TOM DE SMET EN FELIX HUYBRECHTS OVER "LUCHTSCHIPPERS, WERELDSTERREN EN WEEKENDHIPPIES" - ANTWERPEN - 20/11/15

Artiest info
website  
 

Recensie - LUCHTSCHIPPERS, WERELDSTERREN EN WEEKENDHIPPIES

 

 

 

 

 

 

 

 

 

 

 

 

 

 

 

 

 

 

 

 

 

 

 

 

 

 

 

 

 

 

 

 

 

 

 

 

 

 

 

 

 

 

 

 

 

 

 

 

 

We hadden het over dit boek al enkele weken geleden, in onze recensiekolommen, maar, vermits we ook wel in beetje nostalgisch aangelegd zijn, vonden we dat er nog wat meer over dat boek gezegd mocht worden en dus trokken we op een ongelooflijke slecht weernamiddag naar de Antwerpse Melkmarkt, waar we afgesproken hadden met de twee Heren, die dit boek maakten. En zie, ze kwamen nog opdagen ook en toen ontrolde zich het hierna volgende gesprek:

Ik moet mij, bij wijze van intro, in beetje excuseren tegenover jou, Tom, omdat ik in mijn recensie nogal veel de aandacht op Felix gelegd heb, terwijl dit, zo zegt hij mij, in simpel geval van 50/50-verdeling was. Bij deze dus.
Maar wat brengt twee drukbezette mensen ertoe, dit soort boek te gaan schrijven?
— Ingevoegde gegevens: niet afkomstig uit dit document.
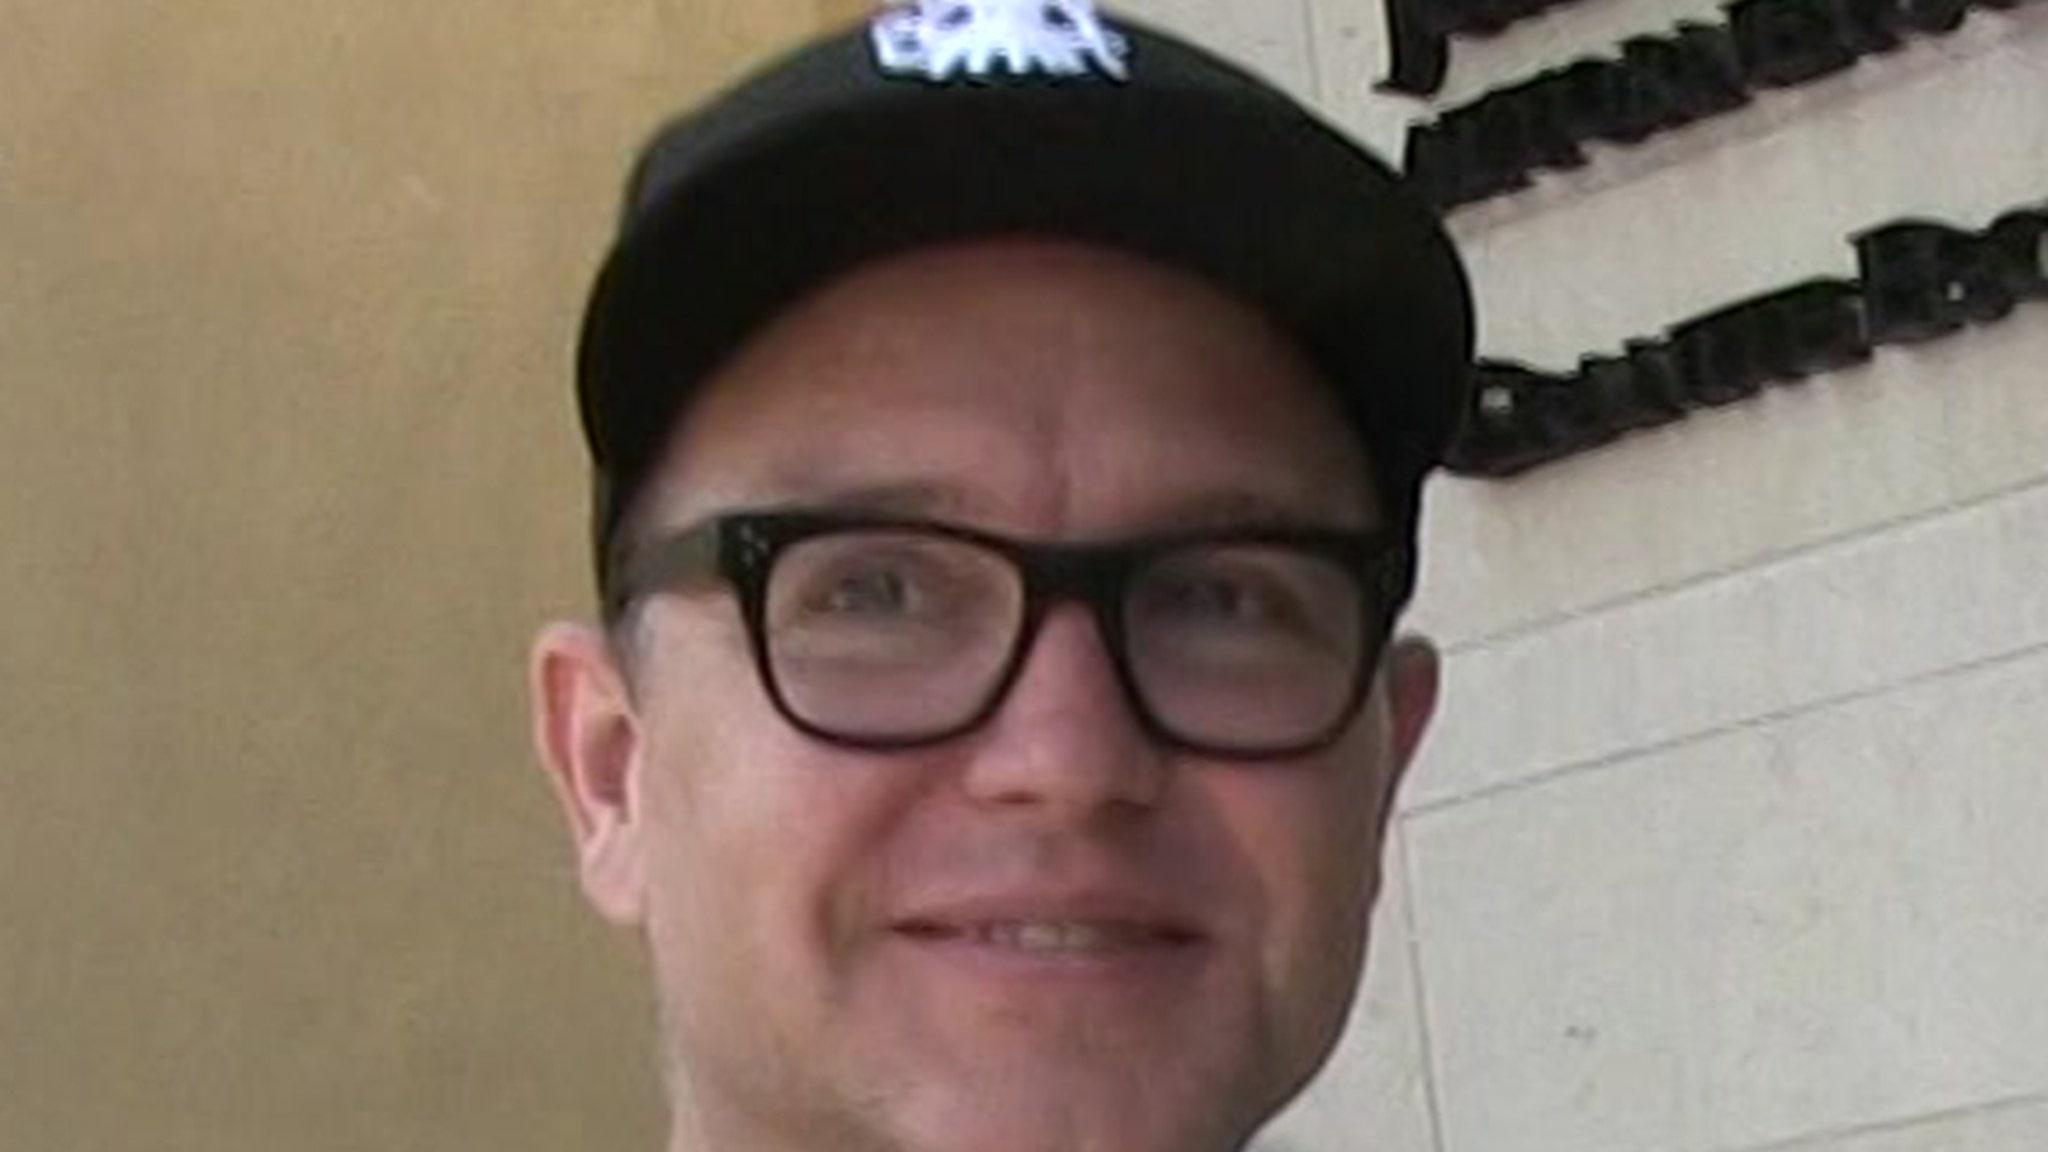 Blink-182's Mark Hoppus Says He's Cancer Free

Tom: We hebben elkaar leren kennen toen ik nog voor Gazet van Antwerpen werkte en ik maakte toen een reeks over de muziekgeschiedenis van Antwerpen. De marketingafdeling van de krant koppelde aan die reeks het voornemen om de eerste LP van Ferre Grignard heruit te geven en zo zijn we bij Felix aanbeland. Die samenwerking beviel ons beiden prima en in de nawerking daarvan, zijn de eerste prille plannen gesmeed om “iets” te doen rond de Antwerpse muziekscene. We wisten toen absoluut nog niet dat we rond dit café zouden gaan werken, maar plots doken de geruchten op dat De Muze de deuren zou moeten sluiten  en beseften wij dat we al de fantastische verhalen die over dit café de ronde doen en deden, moesten vastleggen en bewaren voor het nageslacht. Uiteindelijk is De Muze weliswaar opengebleven, maar de verhalen zijn niet veranderd en verdienen gehoord en gelezen te worden en dus is er, zowat in jaar na de geruchten over de sluiting, nu het boek gekomen.
Felix:We beschikten over zodanig veel, al dan niet elkaar overlappend, materiaal, dat we gemakkelijk in boek van 400 pagina's hadden kunnen maken en ik kom nog wel wekelijks iemand tegen die, nu het boek er is, komt zeggen dat hij ook wel in verhaal te vertellen had en dus geïnterviewd had willen worden.
Wat we als ultieme motivatie ervaarden, was toch wel de vrij algemene vaststelling dat het verhaal van De Muze, nog altijd heel sterk leeft bij minstens één generatie. Op zich is dat niet zo verwonderlijk: De Muze was een soort “alternatief cultureel centrum” -de term zelf bestond nog niet eens- waar dan ook nog eens een stevige pint verzet werd en dat soort vaststellingen draagt natuurlijk bij tot de vorming van mythes en legendes....

Hebben jullie zelf één of andere binding met dit huis? Of was het puur op grond van de noodzaak om het verhaal ervan te vertellen, dat je er uiteindelijk aan begonnen bent?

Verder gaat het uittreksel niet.